Additionally, all dependencies are submodules and a proc can be found by greping procname*, the * being the export marker.

The only exception being the standard library. Procedures from the standard library are all listed in "The Index".

Function call syntax

Nim provides flexible call syntax, the following are possible:

prof foo(a: int) =
  discard

foo(a)
foo a
a.foo()
a.foo

Additionally this is also possible for strings:

let a = fromHex"0x12345" # Without spaces

Nim doesn't enforce namespacing by default but is an option

let a = byteutils.fromhex"0x12345"

Parameters

Mutable parameters must be tagged with var

TODO

Symbol resolution

If 2 procedures are visible in the same module (a module is a file) and have the same name the compiler will infer which to call from the arguments signatures. In case both are applicable, the compiler will throw an "ambiguous call" compile-time error.

Note that a procedure specialized to a concrete type has priority over a generic procedure, for example a procedure for int64 over a procedure for all number types.

func and side effect analysis

In Nim a proc is considered to have side-effect if it accesses a global variable. Mutating a declared function parameter is not considered a side-effect as there is no access to a global variable. Printing to the standard output or reading the standard input is considered a sideeffect.

func are syntactic sugar for proc without sideeffects. In particular this means that func behaviors are fully determined by their input parameters.

In the codebase, logging at the trace level are not considered a sideeffect.

Additionally some logging statements and metrics statement may be in an explicit {.noSideEffect.}: code-block.

Returning values

There are 3 syntaxes to return a value from a procedure:

  1. The return statement
  2. The implicit result variable
  3. The "last statement as expression"
proc add1(x: int): int =
  return x + 1

proc add2(x: int): int =
  result = x + 2

proc add3(x: int): int =
  x + 3

The main differences are:

  1. return allows early returns, in particular from a loop.
  2. result offers Return Value Optimization and Copy Elision which is particularly valuable for array types.
  3. Requires the last statement to be a valid expression. This is particularly interesting for conditional return values as forgetting to set the value in a branch will be a compile-time error, for example:
    proc select(ctl: bool, a, b: int): int =
      if ctl:
        echo "heavy processing"
        a
      else:
        echo "heavy processing"
        b
    
    Omitting a or b will be a compiletime error, unlike
    proc select(ctl: bool, a, b: int): int =
      if ctl:
        echo "heavy processing"
        return a
      else:
        echo "heavy processing"
        # Forgot to return b
    
    proc select(ctl: bool, a, b: int): int =
      if ctl:
        echo "heavy processing"
        result = a
      else:
        echo "heavy processing"
        # Forgot to result = b
    

Due to the differences we prefer using the "last statement as expression" unless

  • copying the type is expensive (SHA256 hash for example)
  • or we need early returns

Ignoring return values

Unlike C, return values MUST be used or explicitly discarded.

Mutable return values

TODO

At a low-level

Argument passing

Nim passes arguments by value if they take less than 3*sizeof(pointer) (i.e. 24 bytes on 64-bit OS) and passes them by pointer with the C backend or reference with the C++ backend if they are bigger. Mutable arguments are always passed by pointer.

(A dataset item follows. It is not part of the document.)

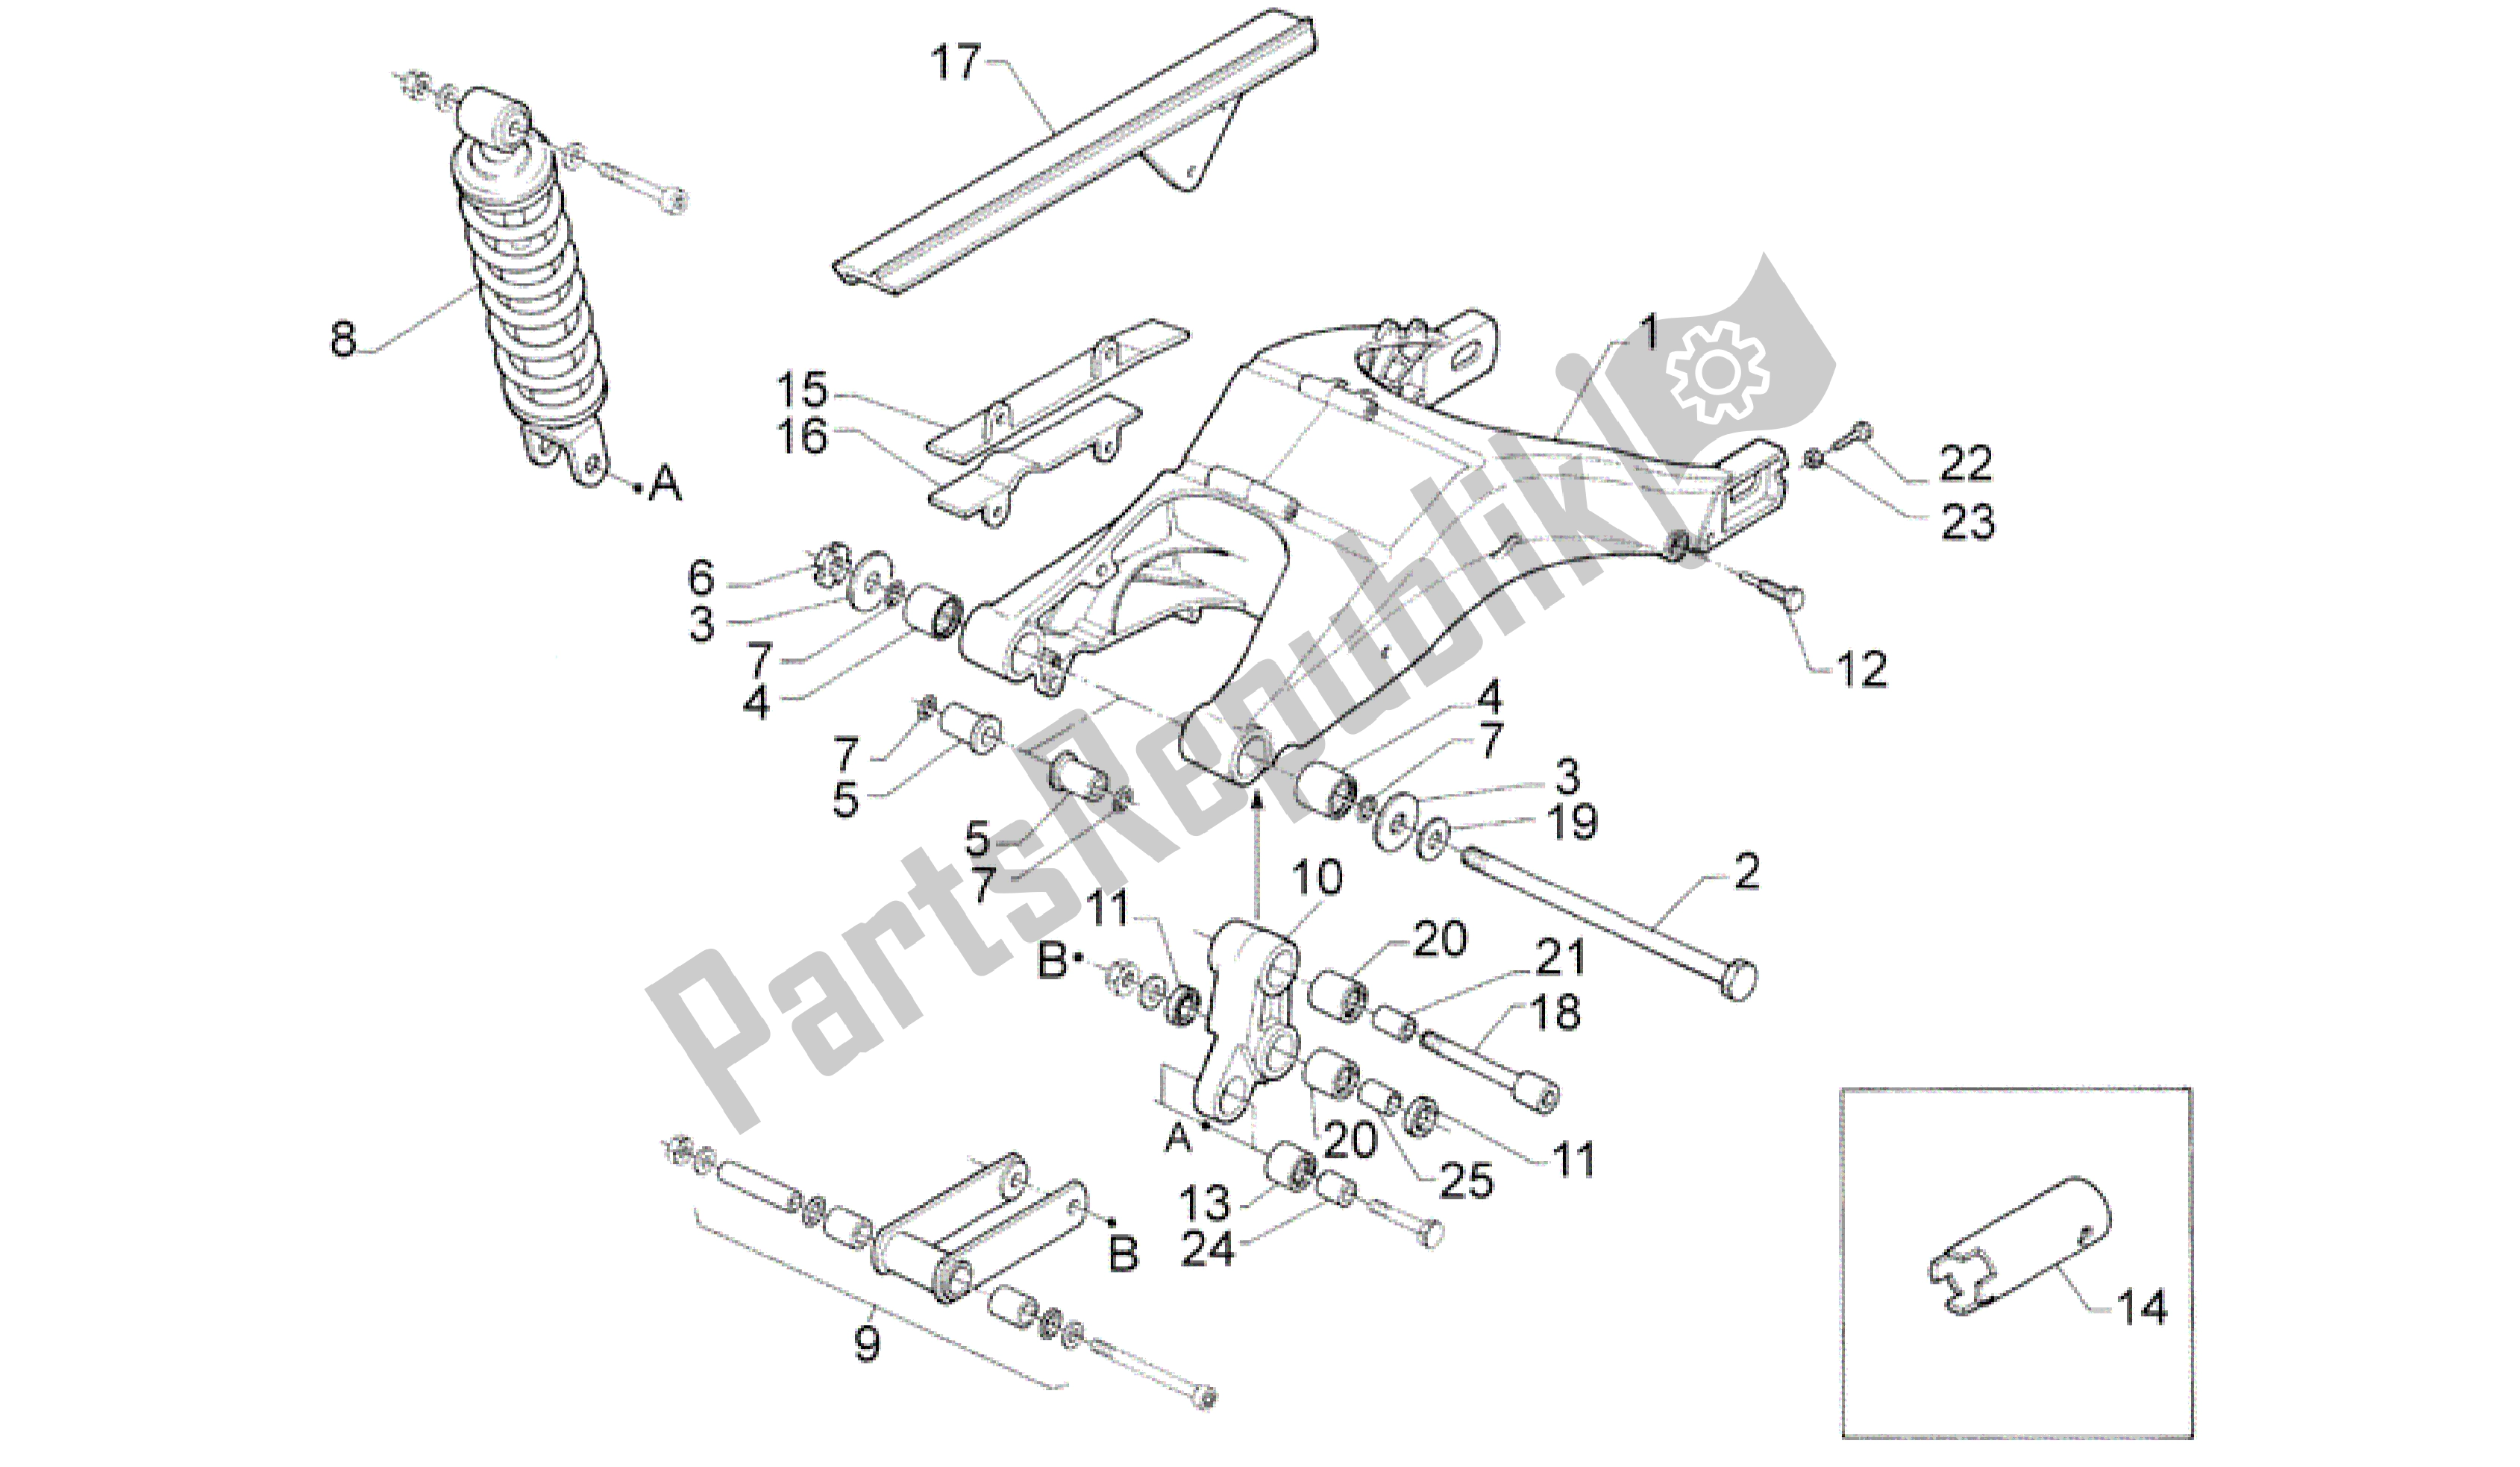 All parts for the Rear Shock Absorber of the Aprilia Rotax 122 125 1996 - 1997

This behavior can be changed on a type-by-type bases by tagging them {.bycopy.} or {.byref.}. This is only used for interfacing with non-Nim code.

Stacktraces

With --stacktrace:on, Nim create a stackframe on proc entry and destroys it on exit. This is used for reporting stacktraces.

NBC is always compiled with --stacktraces:on

NBC uses libbacktrace to have less costly stacktraces.

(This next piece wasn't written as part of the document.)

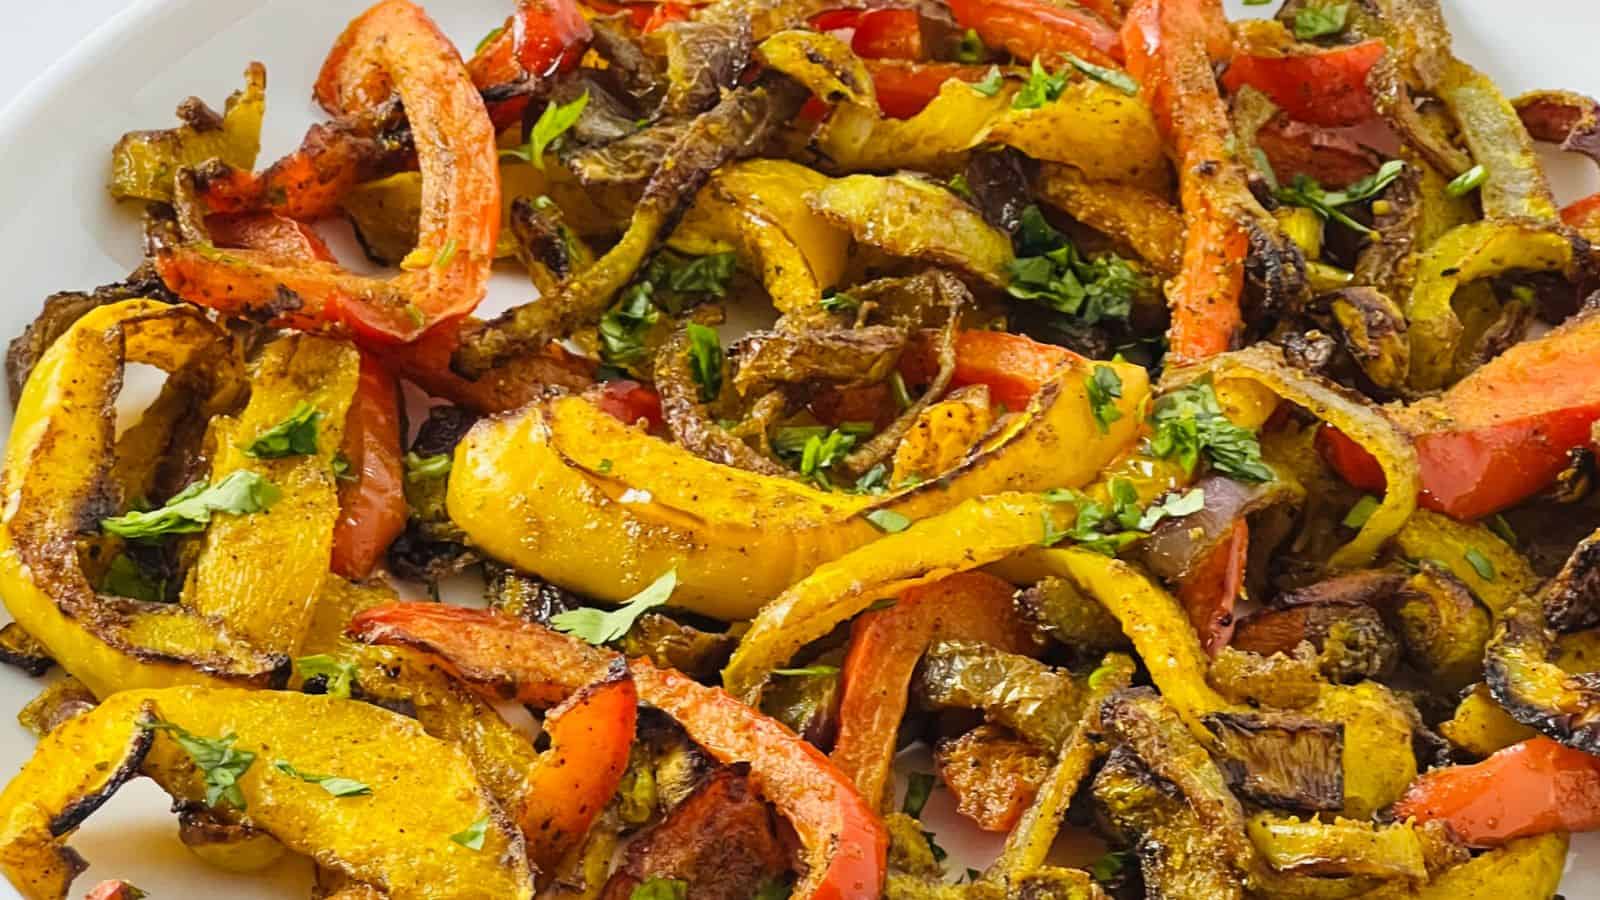 A plate of sautéed colorful bell peppers seasoned with herbs and spices.

Name in the C code or Assembly

proc and func are materialized in the produced C code with name-mangling appended at the end. For the purpose of building Nim libraries, the name can be controlled by:

  • {.exportc.} so that the generated C name is the same as Nim
  • `{.exportc: "specific_name".} to generate a specific name

method

methods are used for dynamic dispatch when an object has an inherited subtype only known at runtime.

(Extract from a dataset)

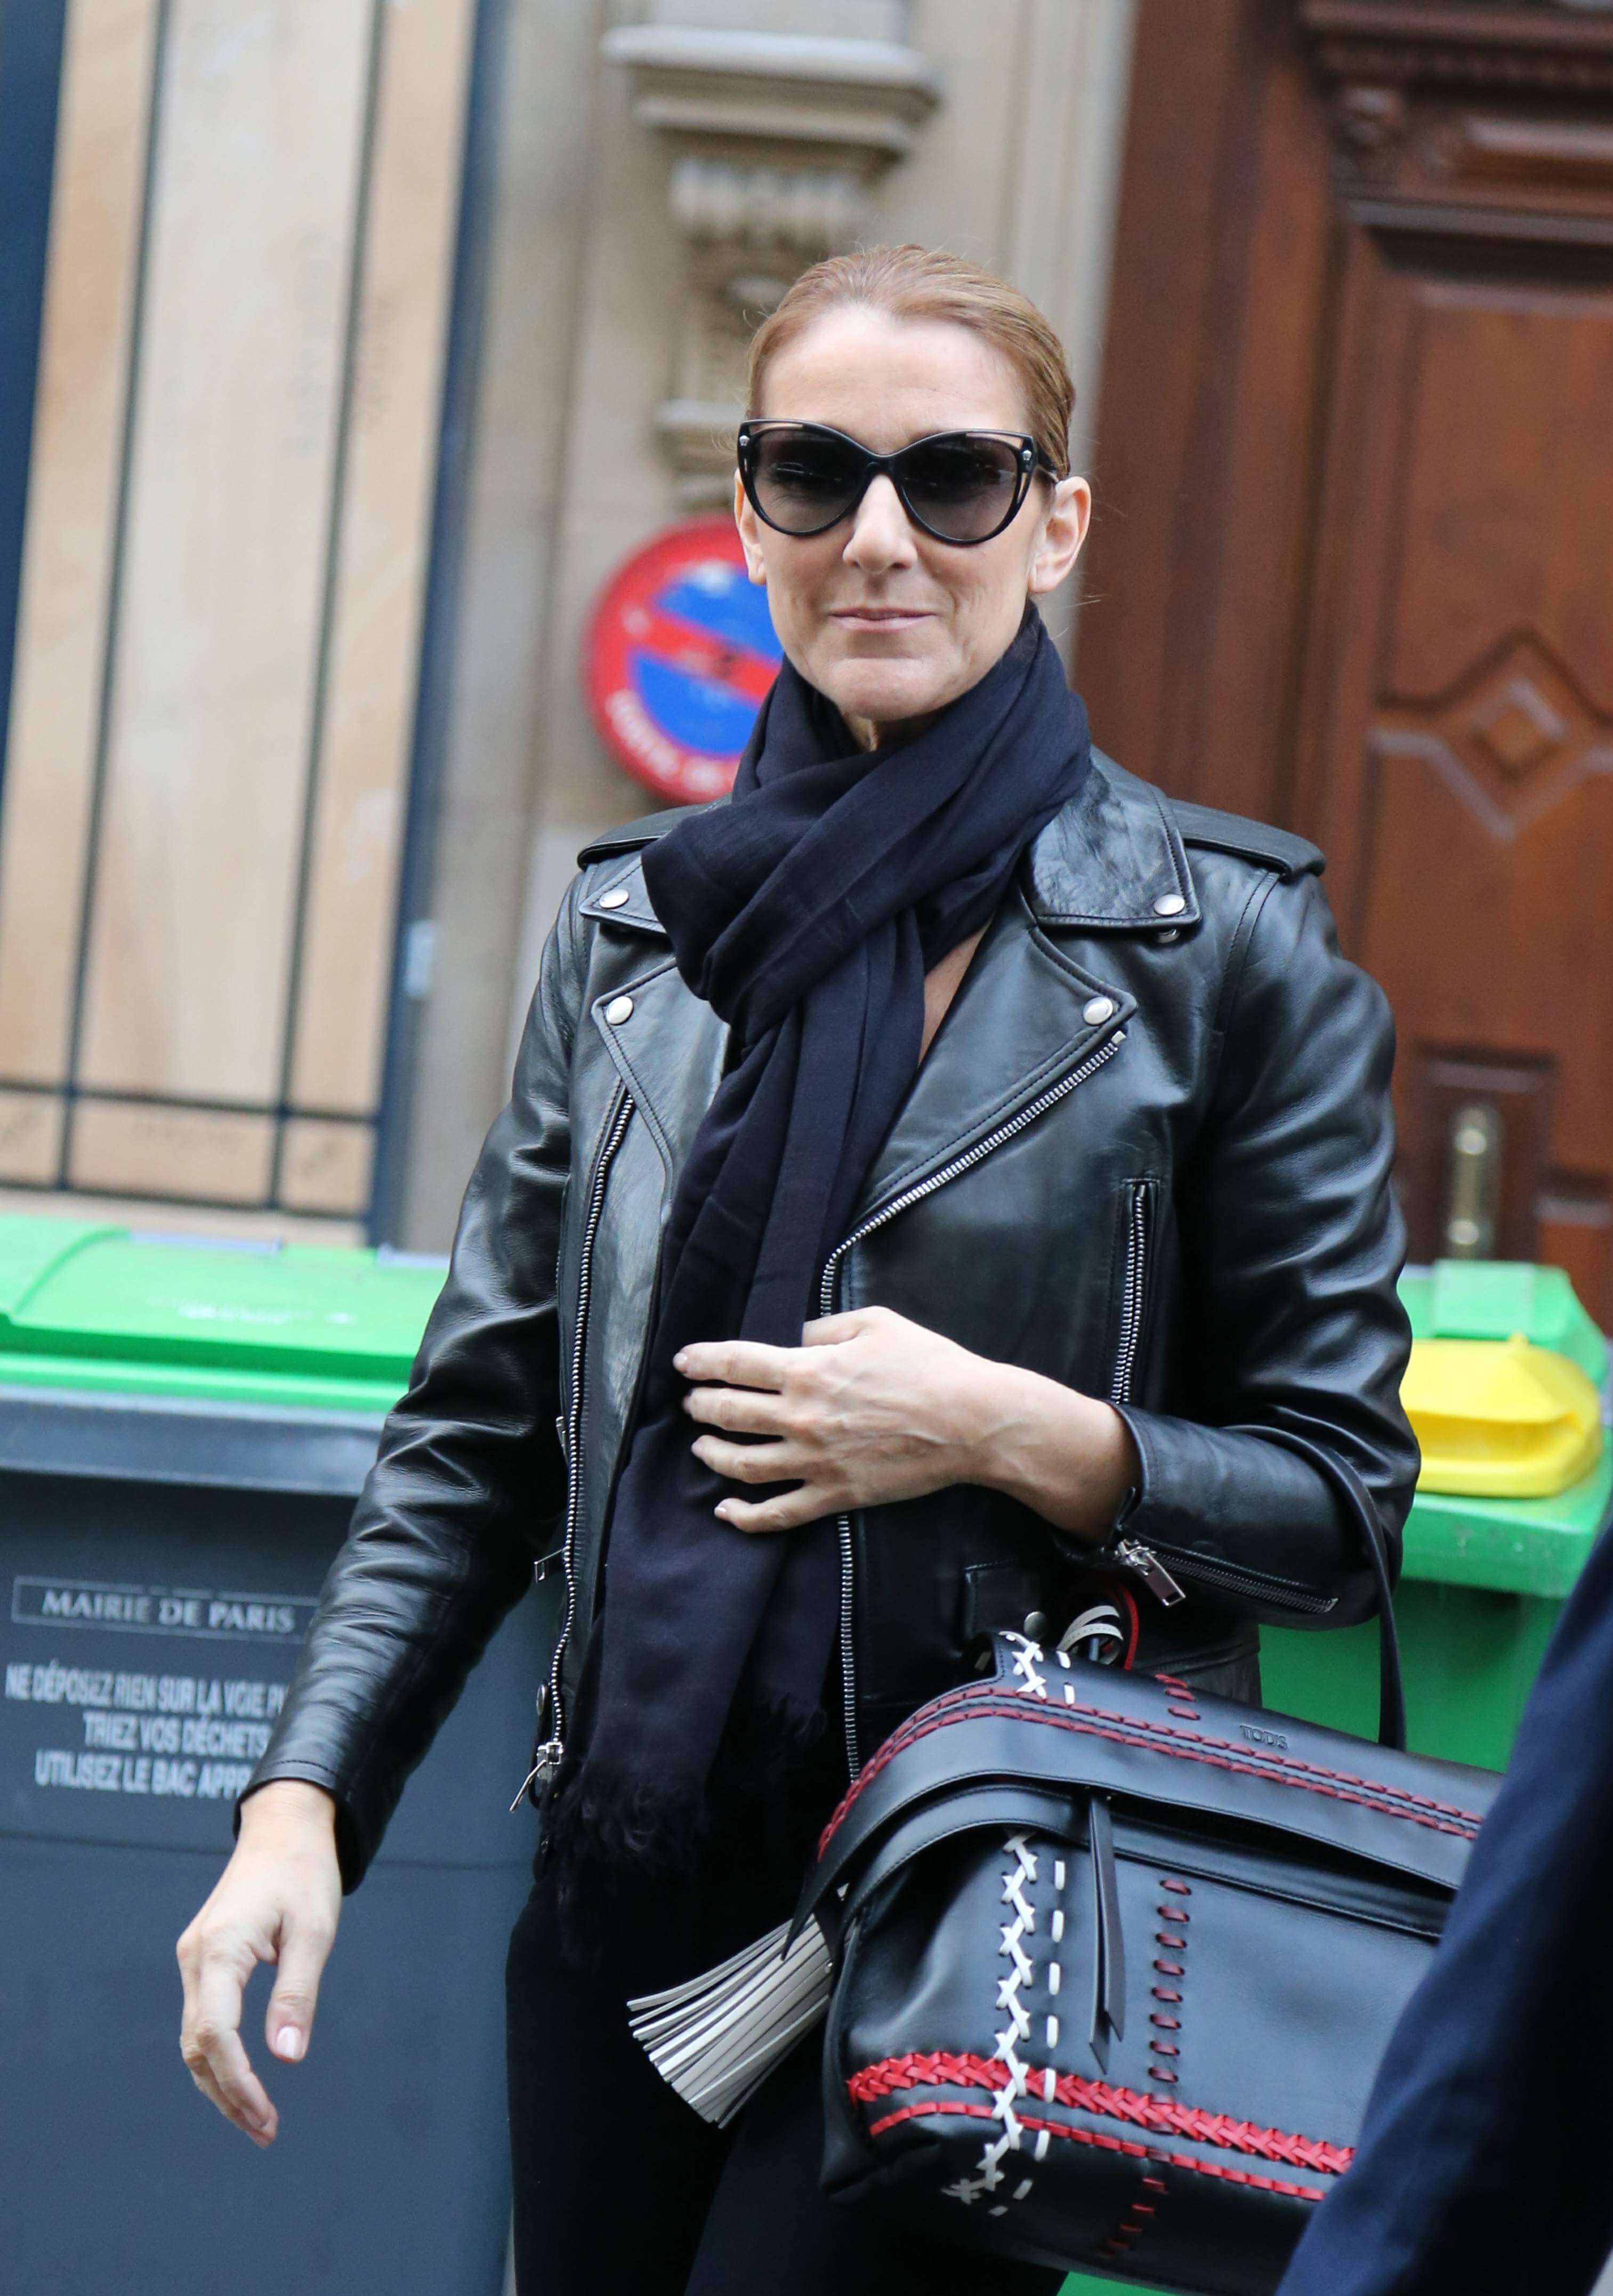 Celine Dion leaves her hotel to do a photoshoot

method are dispatched using a dispatch tree in the C code instead of a VTable.

There might be some cases where method were used not for their intended purpose

converter

Converters are procedures that are implicitly called on a value to change its type.

For example with a fictional option type that automatically extracts the boxed type.

type Option[T] = object
  case hasValue: bool
  of true:
    value: T
  else:
    discard

converter get[T](x: Option[T]): T =
  x.value

let x = Option[int](hasValue: true, value: 1)
let y = Option[int](hasValue: true, value: 2)

let z = x + y

Even though the + operator is not defined for Option[int] it is defined for int and Nim implicitly calls the converter.

converter are seldom used in the codebase as we prefer explicit over implicit.

Note that in case an operation is defined on both the convertible and the converted type, the operation without conversion should be preferred however the compiler might throw an ambiguous call instead.

Iterators

Iterators are construct that transforms a for loop.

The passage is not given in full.